First, let’s not ignore the elephant in the room: $4,400 is a lot for a pair of wheels. In fact, $4,400 is not a cheap bike. And while Zipp (thankfully) dropped the price of the new version of their “budget” 80mm carbon wheels, the 808 Firecrest, from $2,800 to $2,300, they couldn’t budge on the price. of the 858 NSW. The price not only makes this a wheelset for an exclusive group of triathletes who have the money to buy them, but there are a few other features on this new release that only work for a select few.

If you are interested in this wheelset, you must be 100% sure that your bike can accommodate 25mm tires and that you want to use 25mm tires. all the time. While I can tell you beyond a shadow of a doubt that there is no reason you should run less than that, especially on this wheelset, just know that a 21mm or 23 mm is out of the question, according to Zipp, due to the new 23mm inner rim depth. We found that the suggested 28mm Continental GP 5000 TLR tires barely cleared the rear triangle of our new 2022 Argon E-117 frameset, so if you’re dreaming of speed-optimized 28mm be super super sure that your framework will work. Also keep in mind that you must also use a tubeless compatible tire, due to the hookless rim design, but that doesn’t mean you can’t use a tubeless compatible tire with an inner tube in it. interior.

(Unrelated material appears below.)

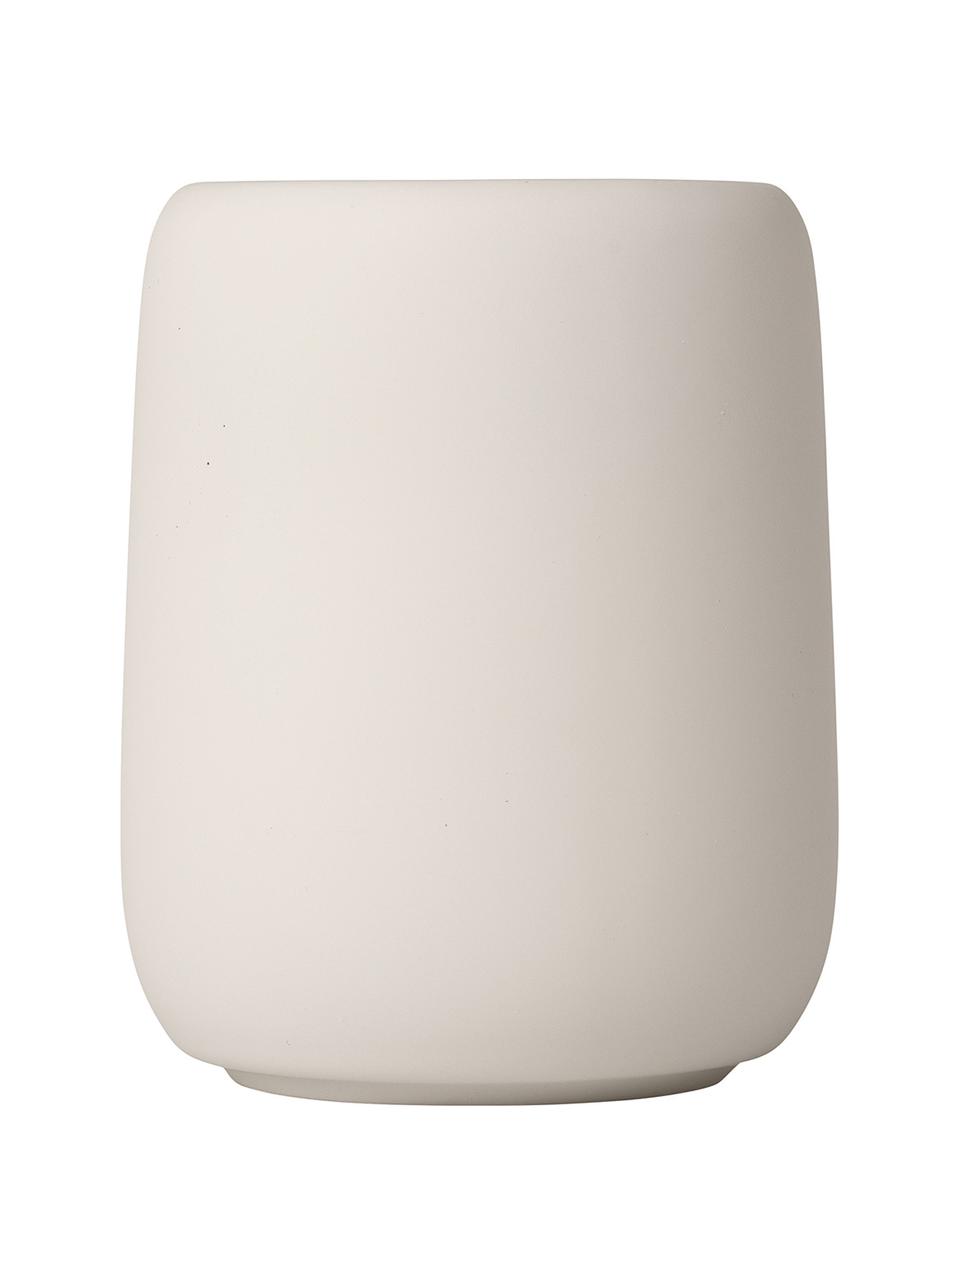 Kubek na szczoteczki z ceramiki Sono, Ceramika, Beżowy, Ø 9 x W 11 cm

Finally, while the crosswind forces on the new 858 NSW were greatly reduced – and the handling of our usually nervous Argon was much more stable – we did experience some weird wobble from time to time when large vehicles passed. It was a unique feel for the 858s that we hadn’t often felt on other axles in the 50-85mm range, and it wasn’t something we worried about, but it was slightly noticeable.

conclusion

If you set aside the high price and user-limiting features of the new Zipp 858 NSWs (things like its tubeless-only and 25mm+-only tire), this is actually a game of fairly revolutionary wheels. In the past, triathletes would typically choose a frame and then buy wheels around that frame. The old way of thinking was that frame weight mattered (it doesn’t really matter, in triathlon) and you needed a nice carbon frame to get a nice, smooth ride that wouldn’t beat you up. We would spend more money on a frame with a faster and/or more comfortable ride and one that handles better. With the introduction of an 82mm+ wheelset that tips the scales at 1530g (remember rotational weight is more important than static weight, as you’ll find on a frame) and is optimized for the 28mm tires you can run at very low pressures like 58 /61psi like we did, you take the gun out of the frame hand when it comes to weight and ride/handling characteristics.

In other words, you could put this wheelset on a tough tri bike that had good aero but was a bit beefy/rough, and the low pressure/high width tires would smooth out the ride for you to do ‘t be so beat on the bike (and later, the race). You would also take a lot of the weight penalty off because a 1530 gram wheelset can roll up a hill much quicker and easier than an 1800 gram pair.

Of course, this wheelset isn’t for everyone, given its price and tire limitations, but if you’ve been hesitant to go for a wider tire or go entirely tubeless (and you know your bike can accommodate the width), this wheelset should pique your interest. In fact, I’d go so far as to say that I would consider putting this $4000+ wheelset on a $2000 tunnel tested tri-frame, and I’d probably end up faster, happier and more comfortable than most $8,000 frame/wheel setups would ever reach. Hats off to Zipp for once again giving triathletes something new and exciting to envy.